Llama2 Format和ChatML都略微复杂，Alpaca Format是一个比较简单，没有添加特殊token。具体如下

{一段角色定位的话}
\n
\n
### Instruction:
{一段用户的话}
### Response
{一段助理的话}
</s>

三、一些典型的Chat Format

3.1、魔改llama-cpp-python

这三个格式llama-cpp-python均有实现。但是总有一些模型采用了比较特殊格式。我们像要实现自定义就必须去改变llama-cpp-python的源码。有没有一种比较优雅的方式呢？有人提出一个方案 #875Integration of Jinja2 Templating，目前还没有接受。笔者这里也提出一个方案，方便魔改。首先说明一下版本

llama-cpp-python==0.2.15
openai==1.1.1
pip install pyautogen==0.2.0b3 #pyautogen 0.2即将来临

llama-cpp-pythonV0.2.15增加了seed参数。方便大家调试强烈建议升级到此版本。

修改llama-cpp-pythonV0.2.15的llama_cpp/llama_chat_format.py
添加如下两个函数

# 添加一个自定义chat_format
def _format_custom(
    system_message: str, messages: List[Tuple[str, Optional[str]]], sep: str, sep2: str
) -> str:
    """Format the prompt with the custom style."""
    seps = [sep, sep2]
    ret = system_message
    for role, message in messages:
        if message:
            ret += role + message + sep
        else:
            ret += role
    return ret


@register_chat_format("custom")
def format_custom(
    messages: List[llama_types.ChatCompletionRequestMessage],
    **kwargs: Any,
) -> ChatFormatterResponse:
    _system_template = "{system_message}"
    _roles = dict(user="", assistant="")
    _messages = _map_roles(messages, _roles)
    system_message = _get_system_message(messages)
    if system_message:
        system_message = _system_template.format(system_message=system_message)
    _prompt = _format_custom(system_message, _messages, " ", "</s>")
    # _prompt = system_message + _messages
    return ChatFormatterResponse(prompt=_prompt)

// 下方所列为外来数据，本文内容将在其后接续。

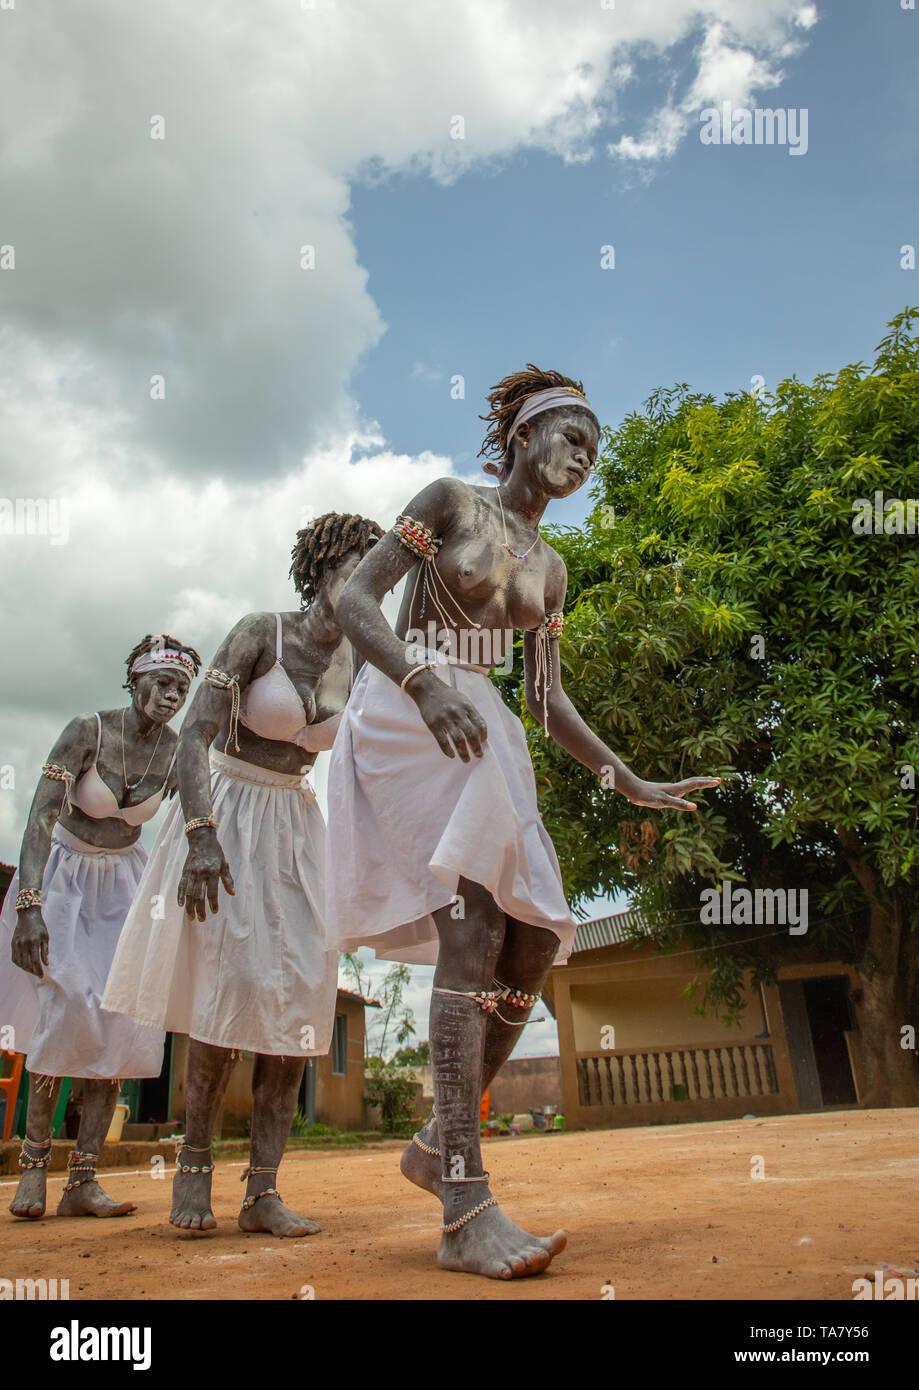 Mujeres bailando durante una ceremonia en el centro de iniciación Komians Messouma Adjoua, Moyen-Comoé, Aniassue, Costa de Marfil Foto de stock

这里我们去除了格式。我们仅在多轮对话的末尾增加了终止token。这样方便我们在输出时候魔改

{一段角色定位的话}
{一段用户的话}
{一段助理的话}
</s>
{一段用户的话}
{一段助理的话}

启动服务的时候，我们这样启动，即添加–chat_format custom

1 2	python -m llama_cpp.server --model ../models/ggml-model-Q6_K.gguf \ --n_gpu_layers 32 --n_ctx 2048 --chat_format custom

3.2、任意聊天格式实现

上文我们通过修改了llama-cpp-python服务，去掉了格式。这使得我们可以在调用的时候自定义chat Format。

我们先定义一下类来规范输入输出

from pathlib import Path
from typing import Literal, TypedDict, Optional, Union, List, Protocol

# 规范输入格式
class Chat_Completion_Request_System_Message(TypedDict):
    role: Literal["system"]
    content: Optional[str]


class Chat_Completion_Request_User_Message(TypedDict):
    role: Literal["user"]
    content: Optional[str]


class Chat_Completion_Request_Assistant_Message(TypedDict):
    role: Literal["assistant"]
    content: Optional[str]


Chat_Completion_Request_Message = Union[
    Chat_Completion_Request_System_Message,
    Chat_Completion_Request_User_Message,
    Chat_Completion_Request_Assistant_Message,
]

# 规范Chat_Template格式
class Role_Fix(TypedDict):
    prefix: str
    suffix: str


class Chat_Template(TypedDict):
    system: Role_Fix
    user: Role_Fix
    assistant: Role_Fix


# 定义一个接口
class LLM(Protocol):
    def __call__(self, messages: List[Chat_Completion_Request_Message], **kwargs):
        ...

接下来我们实现一个装饰器

import rtoml
class Chat_Format:
    @classmethod
    def build(cls, chat_template_path: Path):
        def decorator(func: LLM):
            def wrapper(*args, **kwargs):
                with chat_template_path.open("r") as f:
                    chat_template = rtoml.load(f)
                    ...
                if args:
                    # 这里可以修改参数
                    args = (cls.gen_fix_messages(args[0], chat_template),) + args[1:0]
                elif kwargs:
                    kwargs['messages'] = cls.gen_fix_messages(kwargs['messages'], chat_template)
                    ...
                
                func(*args, **kwargs)
            
            return wrapper
        
        return decorator
    
    @classmethod
    def add_fix(cls, item: Chat_Completion_Request_Message, chat_template: Chat_Template):
        item['content'] = f"""{chat_template[item['role']]['prefix']}{item['content']}{chat_template[item['role']]['suffix']}"""
        return item
    
    @classmethod
    def gen_fix_messages(cls, messages: List[Chat_Completion_Request_Message], chat_template: Chat_Template) \
            -> List[Chat_Completion_Request_Message]:
        fix_messages = []
        for item in messages:
            fix_messages.append(cls.add_fix(item, chat_template))
        return messages

下面我们来使用这个这个装饰器，注意我们使用的openai-v1.1

from openai import OpenAI

api_key = "NULL"
organization = "limoncc"
base_url = "http://127.0.0.1:8000/v1"

client = OpenAI(api_key=api_key, organization=organization, base_url=base_url)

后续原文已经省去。